> [REQUIRED ACTION]: For this exercise, return exactly the lines of the material below that begin at the one with "巨型公司的網路架構:分散式系統..." and stop after the one with "የዶሮ ወጥ | YeDoRo".

> [SOURCE DATA]:
........

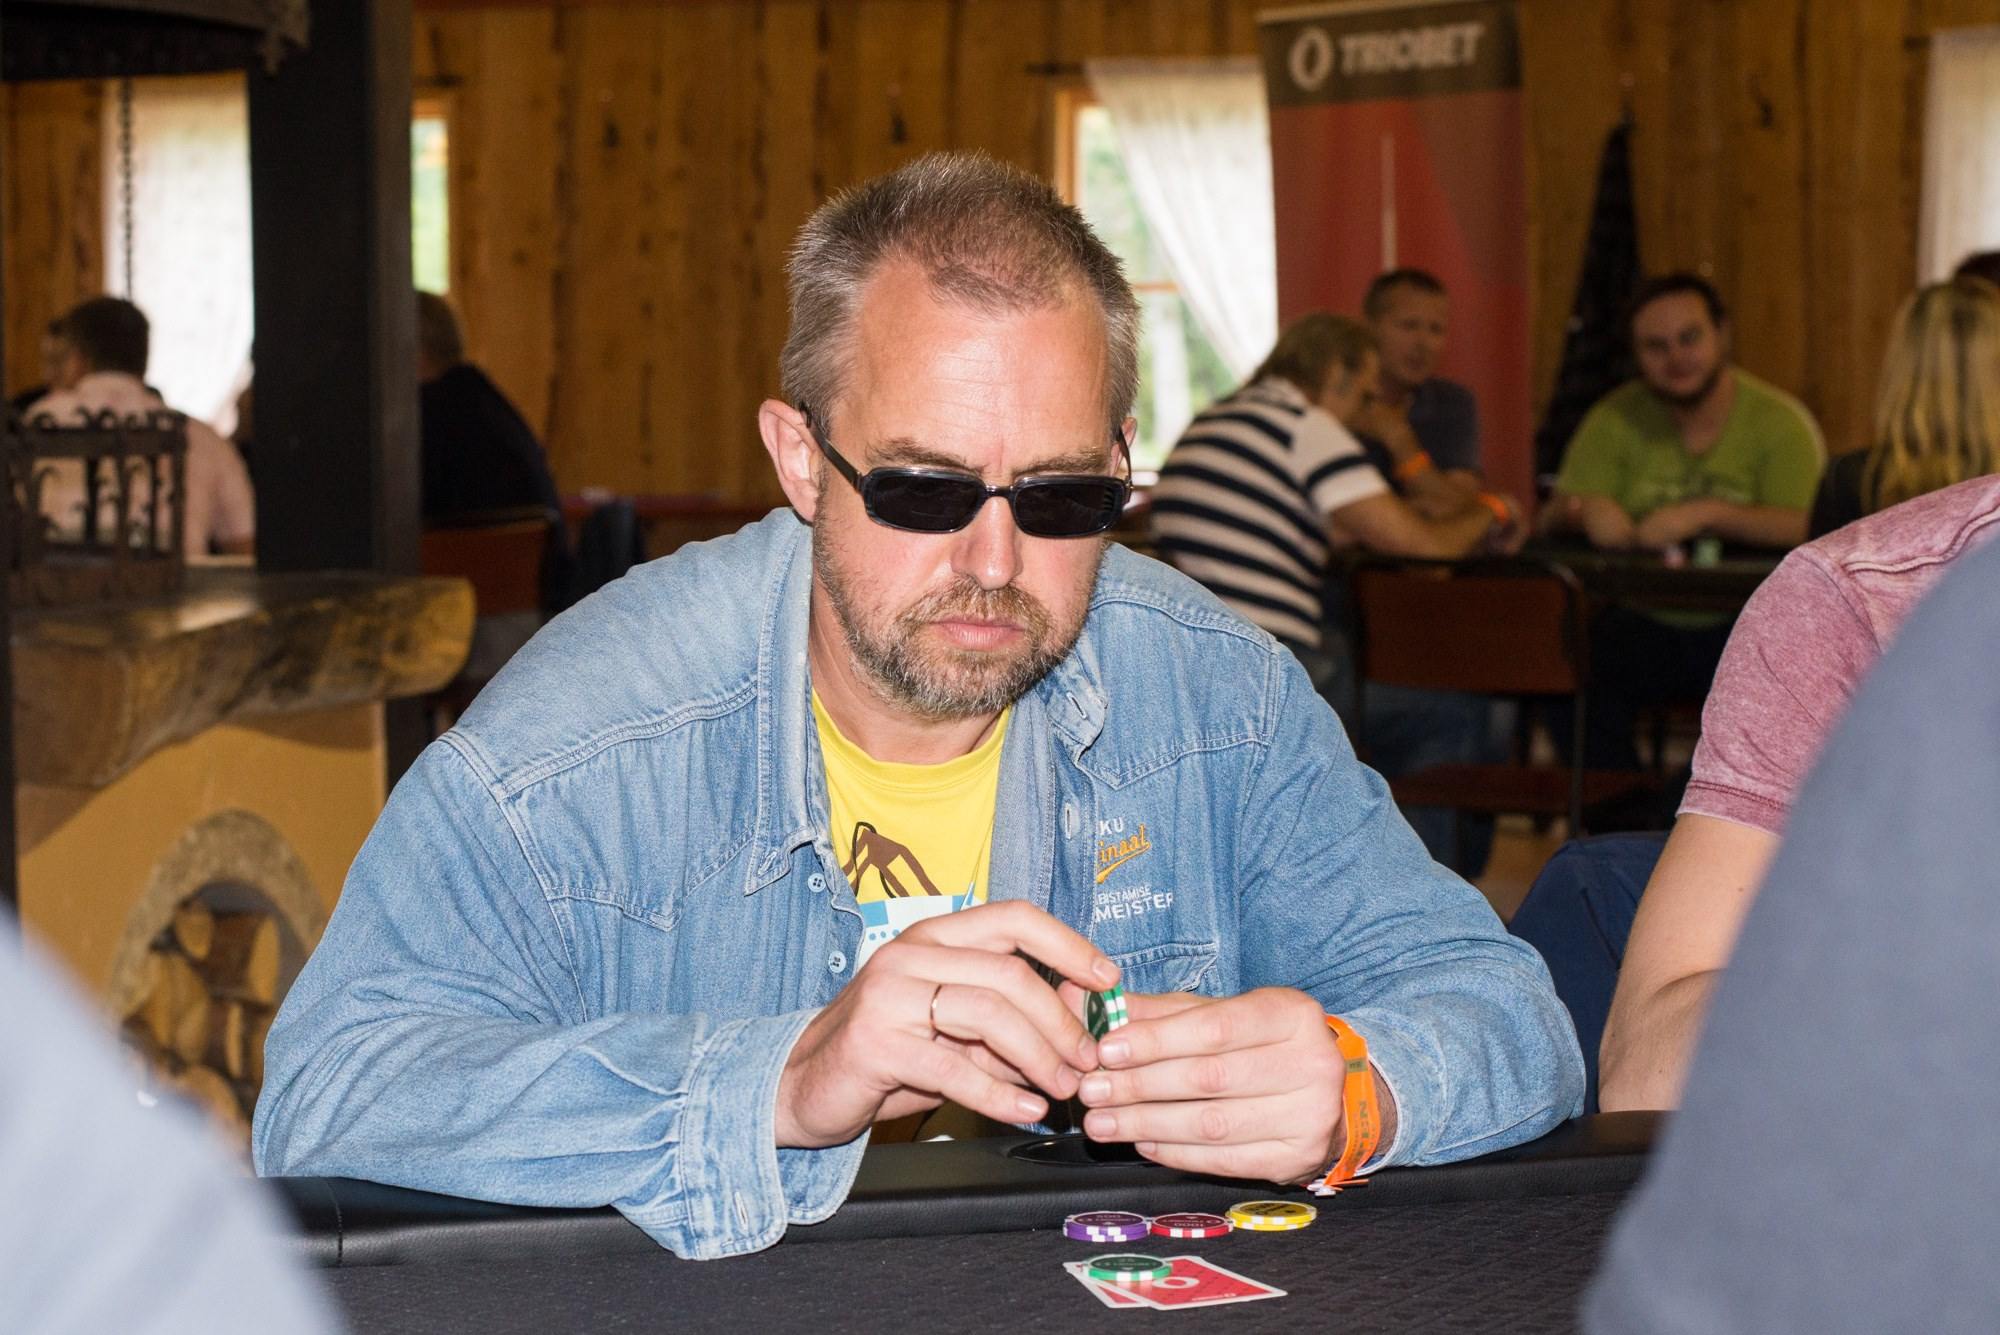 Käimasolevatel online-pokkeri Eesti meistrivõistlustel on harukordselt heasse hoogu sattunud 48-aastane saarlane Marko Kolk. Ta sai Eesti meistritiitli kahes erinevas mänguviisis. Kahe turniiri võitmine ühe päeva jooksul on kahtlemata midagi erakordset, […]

........

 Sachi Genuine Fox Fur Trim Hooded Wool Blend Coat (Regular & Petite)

........

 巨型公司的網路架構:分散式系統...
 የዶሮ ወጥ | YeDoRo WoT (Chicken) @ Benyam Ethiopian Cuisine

........

> [OUTPUT FOR THIS TASK]:
 巨型公司的網路架構:分散式系統...
 የዶሮ ወጥ | YeDoRo WoT (Chicken) @ Benyam Ethiopian Cuisine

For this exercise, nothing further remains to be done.